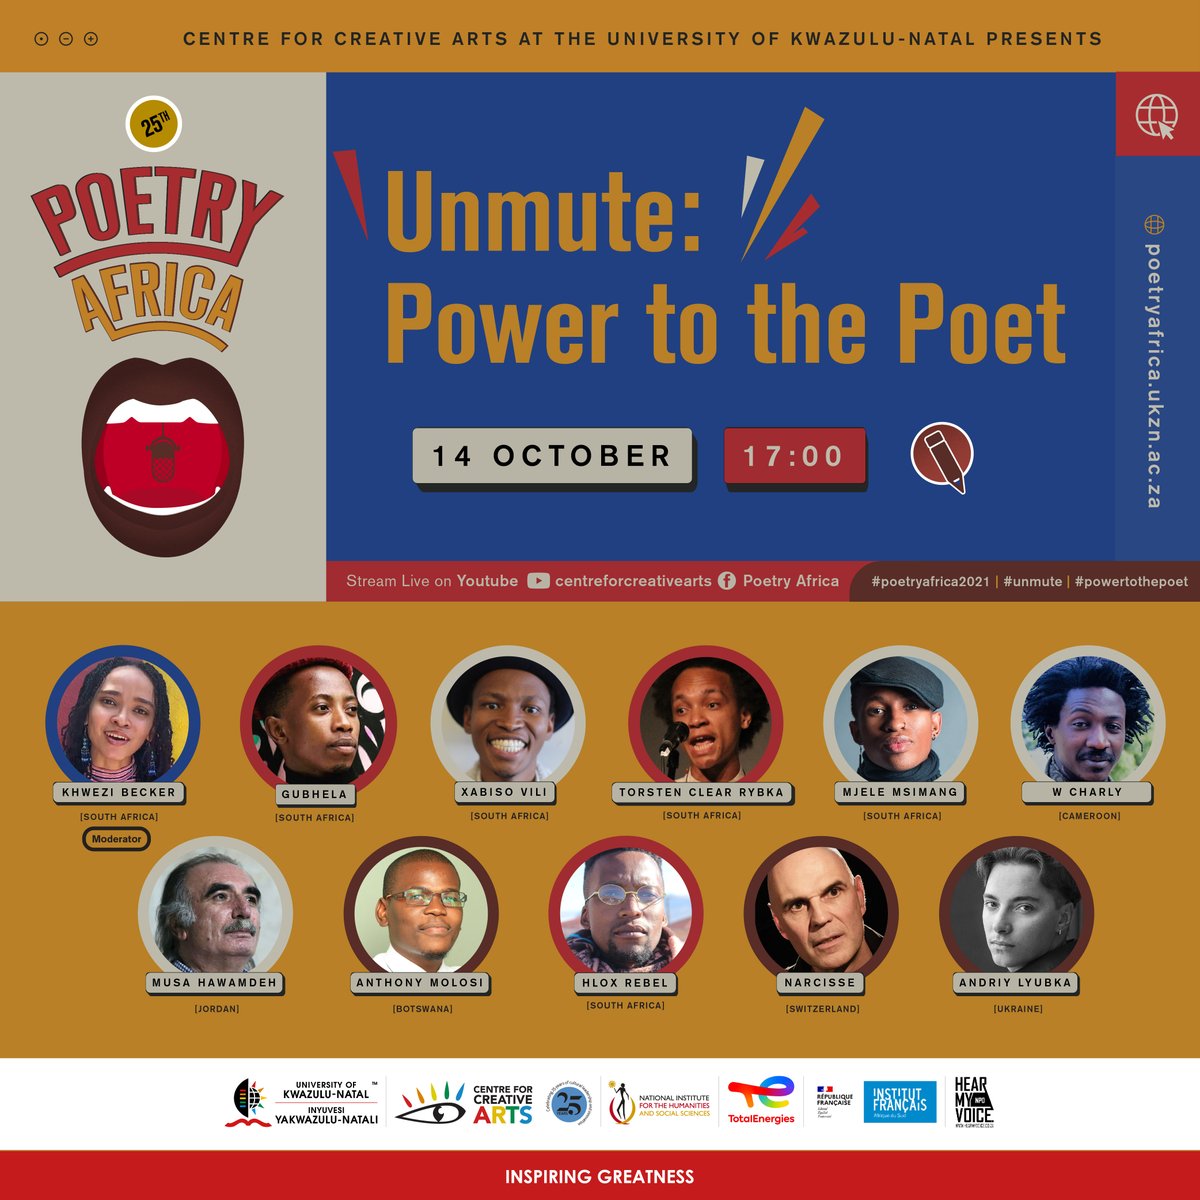 We are going to set the virtual stage ablaze at 5pm #Unmute: #PowertothePoet

Poets: @Gubhela_Gubhela, #MusaHawamdeh, @Xabiso_Vili, #anthonymolosi , @hloxrebel, @socleart, @narcisseslam, @scyborgje, @andrijlyubka, @charly_wassing

#PoetryAfrica2021

-=-=-=-=-

> **Assignment**: Set out exactly the lines from the one bearing "#MusaHawamdeh, @Xabiso_Vili, #anthonymolosi" through the end of the data, including both ends and omitting all others.

> **Solution to the exercise**:
Poets: @Gubhela_Gubhela, #MusaHawamdeh, @Xabiso_Vili, #anthonymolosi , @hloxrebel, @socleart, @narcisseslam, @scyborgje, @andrijlyubka, @charly_wassing

#PoetryAfrica2021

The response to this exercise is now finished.